Frederick and Charlotte worked as a husband and wife team in a succession of church schools in East London, Essex, Staffordshire and Worcestershire. By 1858 they were running the parish school in St Columb Major,  Cornwall, when tragedy struck. Charlotte died of tuberculosis, aged 40, leaving Frederick with eight children aged two to fifteen.
Charlotte Davis Memorial Inscription
Headstone on the grave of Charlotte Davis, Colan, Cornwall
With Charlotte's death the family lost stability. Frederick initially put his daughters into an orphanage run by Anglican nuns at Wymering, near Portsmouth. By 1862 he had moved to Torquay in Devon where, for the first time, he set up his own private school rather than being employed by the Church. On the recommendation of clerical friends, he was also ordained deacon by the Bishop of Exeter and appointed curate of St John's, Torquay.
This proved disastrous. The curacy was poorly paid but so busy as to prevent him running his school properly. He lost pupils, fell out with the vicar and, within six months found himself in precarious financial circumstances. Although supposed to remain in the diocese until he was ordained priest, Frederick petitioned the Bishop to allow him to leave his curacy and move to Northfleet in Kent, to take over a private preparatory school based in the old Manor House.
The Manor House, Northfleet, Kent
The Manor House, Northfleet, Kent
Frederick rebranded the school as Northfleet Grammar School, later the Collegiate School, and advertised his willingness to coach young men for entry to the Universities and the armed forces.

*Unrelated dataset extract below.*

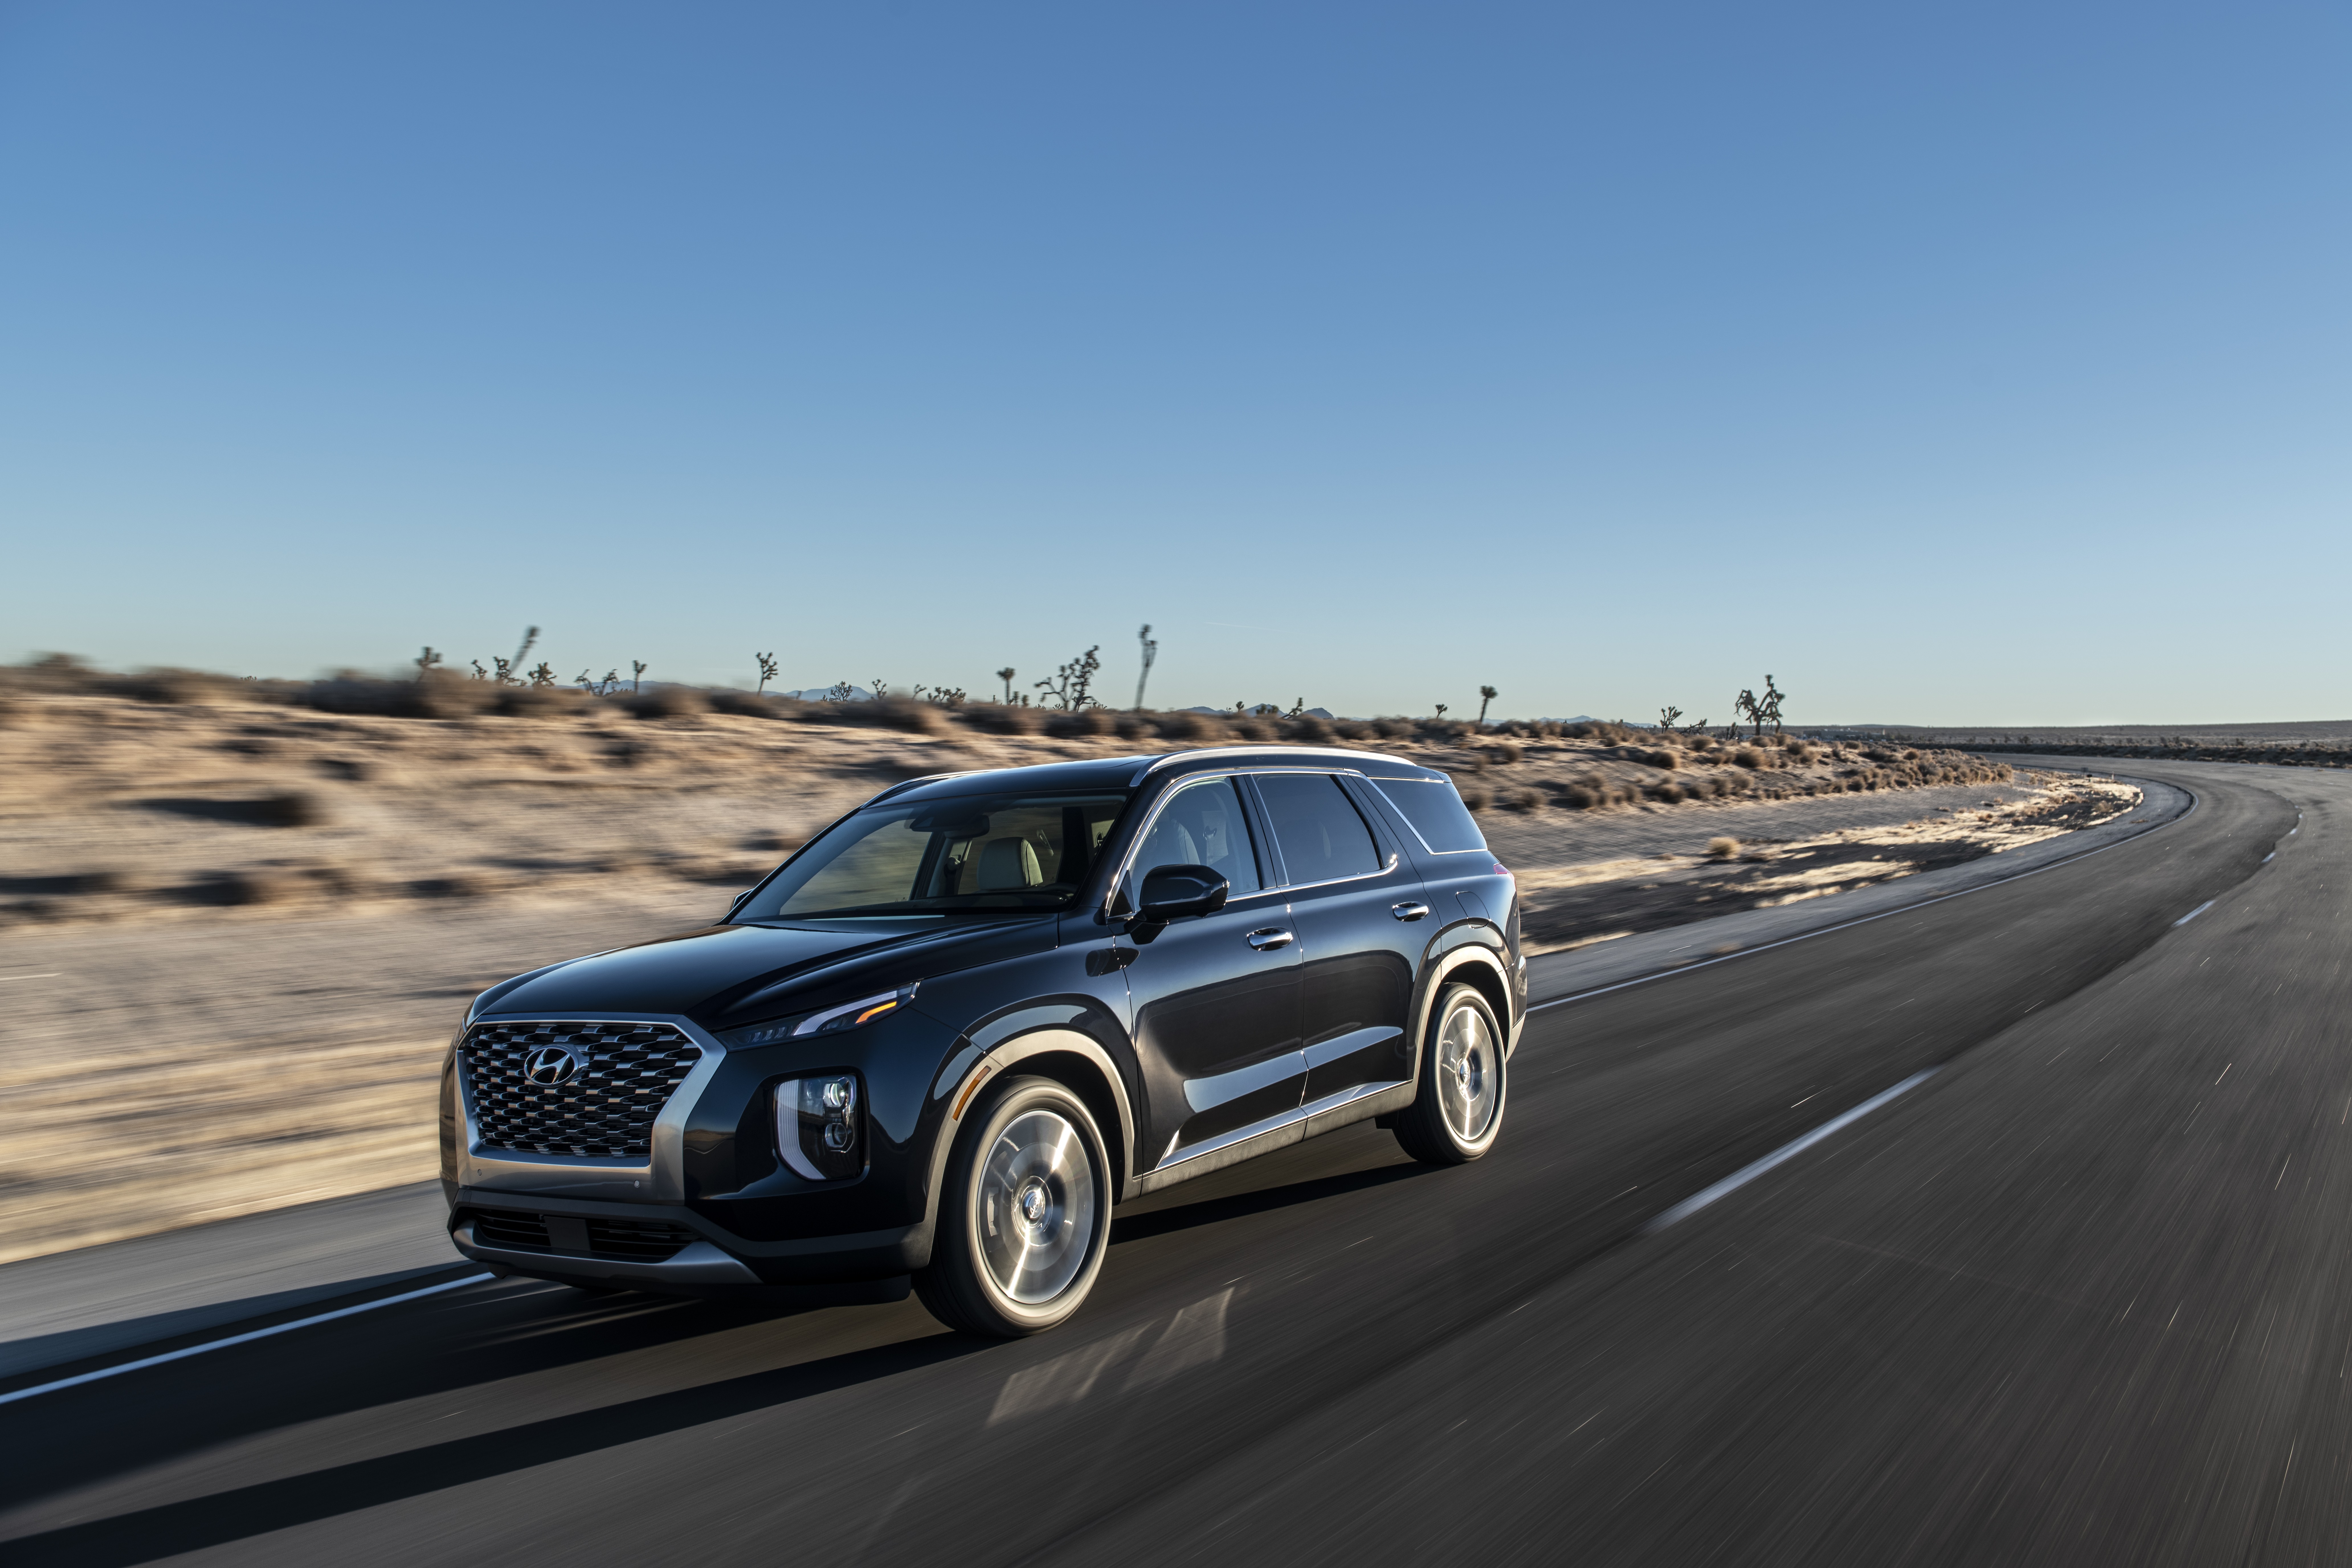 Hyundai Palisade accessories specifications
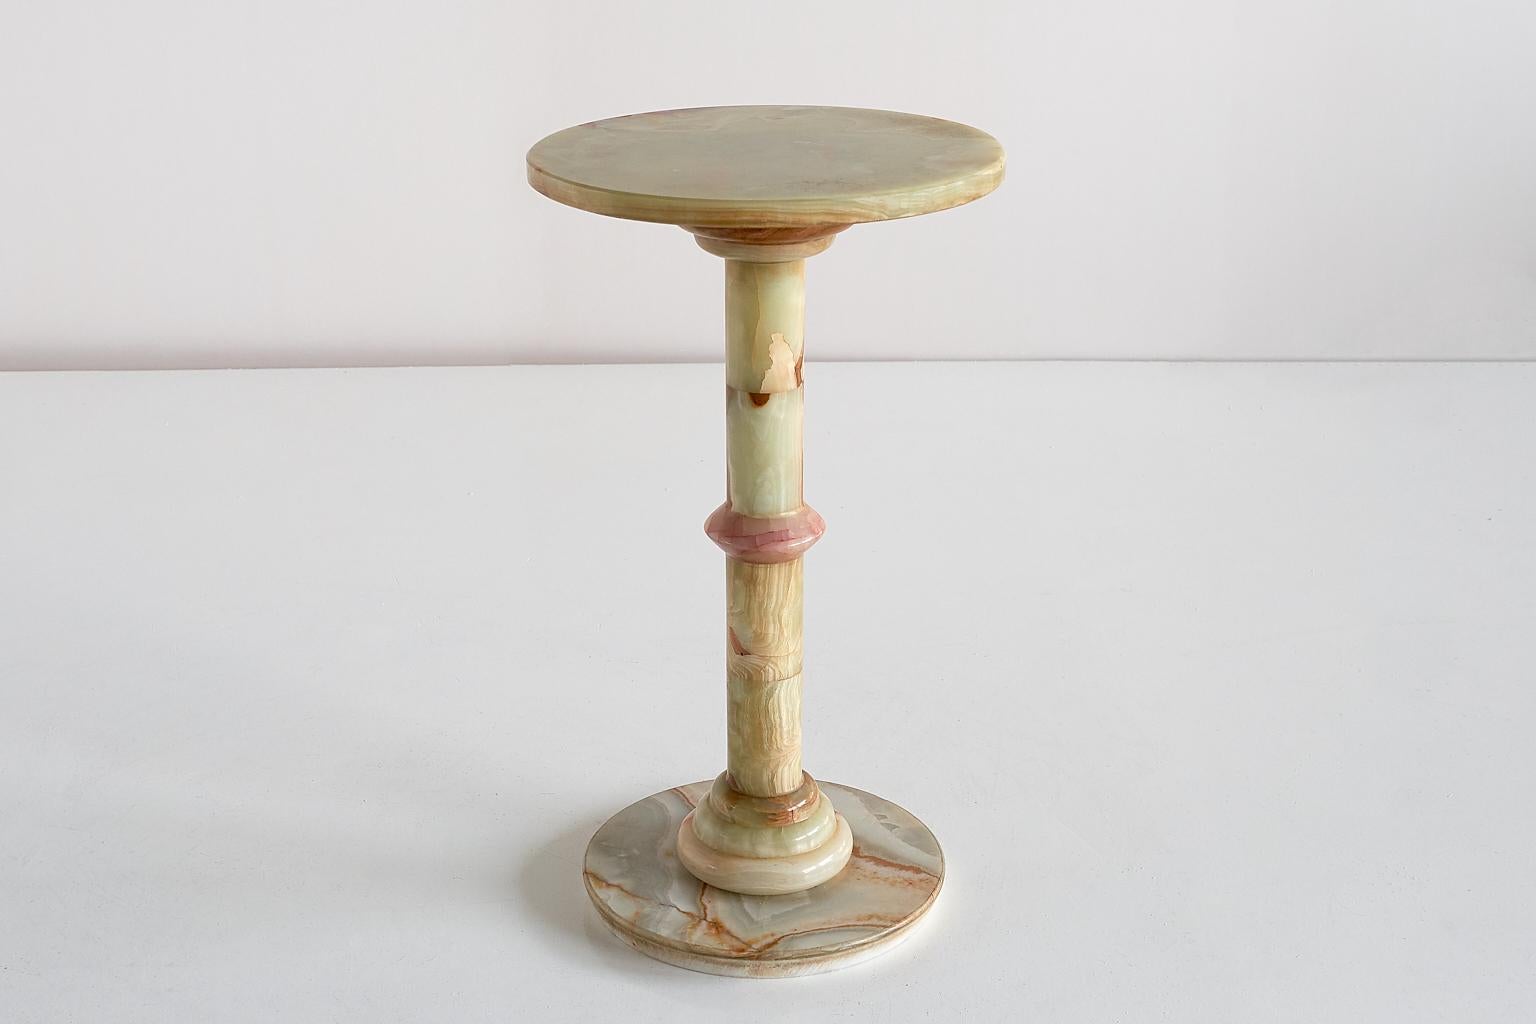 This elegant side table was produced in Italy in the 1960s. The pedestal base and top are all made of multicolored onyx. The different hues and intensitities of red, white and pastel green give the table a refined and striking appearance.

Some pupils came (two of them later married two of his daughters) but the school struggled and Frederick supplemented his income by covering for clergy absences in various Kent parishes, not telling them that he was only in deacon's orders.
In 1874 the churchwarden of one of those parishes wrote to the Archbishop of Canterbury about Frederick:
Having been prompted to make enquiry concerning his private character in consequence of his having most persistently and impudently attempted to extort more money (to the extent of 4 guineas) than he was entitled to according to my agreement with him, I have ascertained from a most reliable source that he is inhibited by the Bishop of Rochester from doing duty in his diocese.
... Dr Claughton would not have inhibited him, unless there were good and weighty reasons for so doing. I have heard what those reasons are, but would rather not commit them to writing as they are of a most serious and damaging nature. No doubt if Your Grace orders inquiry to be made in the neighbourhood in which he lives quite sufficient cause will be found, to induce Your Grace to take immediate steps to prevent the possibility of his ever performing the duty of a clergyman of the Church of England again.
Archbishop Archibald Campbell Tait
Archibald Campbell Tait, 1811-1882
Archbishop of Canterbury
The Bishop of Rochester added his own disapprobation:
I have not actually inhibited Mr Davis ... but I do not approve of him. He behaves extremely ill to the Clergyman of his Parish.
Thomas Legh Claughton
Thomas Legh Claughton, 1808-1892
Bishop of Rochester
By 1875 Frederick had given up his school in favour of running a home for six wealthy dipsomaniacs (alcoholics). Following complaints that a lady was being detained against her will, the Lunacy Commissioners paid a visit and discovered that one of his patients was mentally ill. In the summer of 1877 he was prosecuted for running an unlicensed lunatic asylum and fined £50.
The Archbishop had reluctantly allowed Frederick to continue officiating in neighbouring parishes. On Sunday 16 December 1877 he was returning from taking services when, on a train between Strood and Gravesend, he was alleged to have indecently assaulted a 17 year old servant girl called Rosina Webb. When the case came up for trial in January 1878 Frederick did not appear. Instead, one of his sons wrote a letter maintaining his father's innocence but saying that, as he feared his word would not be believed, he had gone abroad.
A warrant was issued for Frederick's arrest and an advertisement in the Police Gazette gives us a description of the man, for whom no known photograph exists:
Police Gazette, 4 February 1878
The Police Gazette, 4 February 1878
When Frederick fled abroad he left behind him a second wife. Her existence only came to light because her birth and death dates, minus a name, were recorded on a family gravestone in Northfleet churchyard. The gravestone was destroyed in the 1960s but, thankfully, it had been carefully transcribed by an antiquarian in the 1900s. The death date led to the discovery of the name Harriet Davis in the Northfleet burial registers. Her death certificate revealed that she was the wife of Frederick Davis and that she had died of apoplexy in October 1878, aged 60. No record of their marriage has yet been found.
Frederick went first to Bruges in Belgium before settling in Dinard on the coast of Brittany in France. Both places had substantial numbers of affluent English residents, so Frederick was probably able to earn a living as a tutor. There was an Anglican church at Dinard and the incumbent, Rev Anthony Francis Thomson, was the father of one of Frederick's old pupils, Anthony Standidge Thomson, later to be his son-in-law. Frederick lived in the pretty seaside resort -  no doubt helping out with services - until his death in 1883.
The Quay at Dinard by Ethel Carrick Fox
The Quay at Dinard, Ethel Carrick Fox


  1. I found this very entertaining. I too, have a couple of black sheep in my family which I must get around to mentioning on my blog.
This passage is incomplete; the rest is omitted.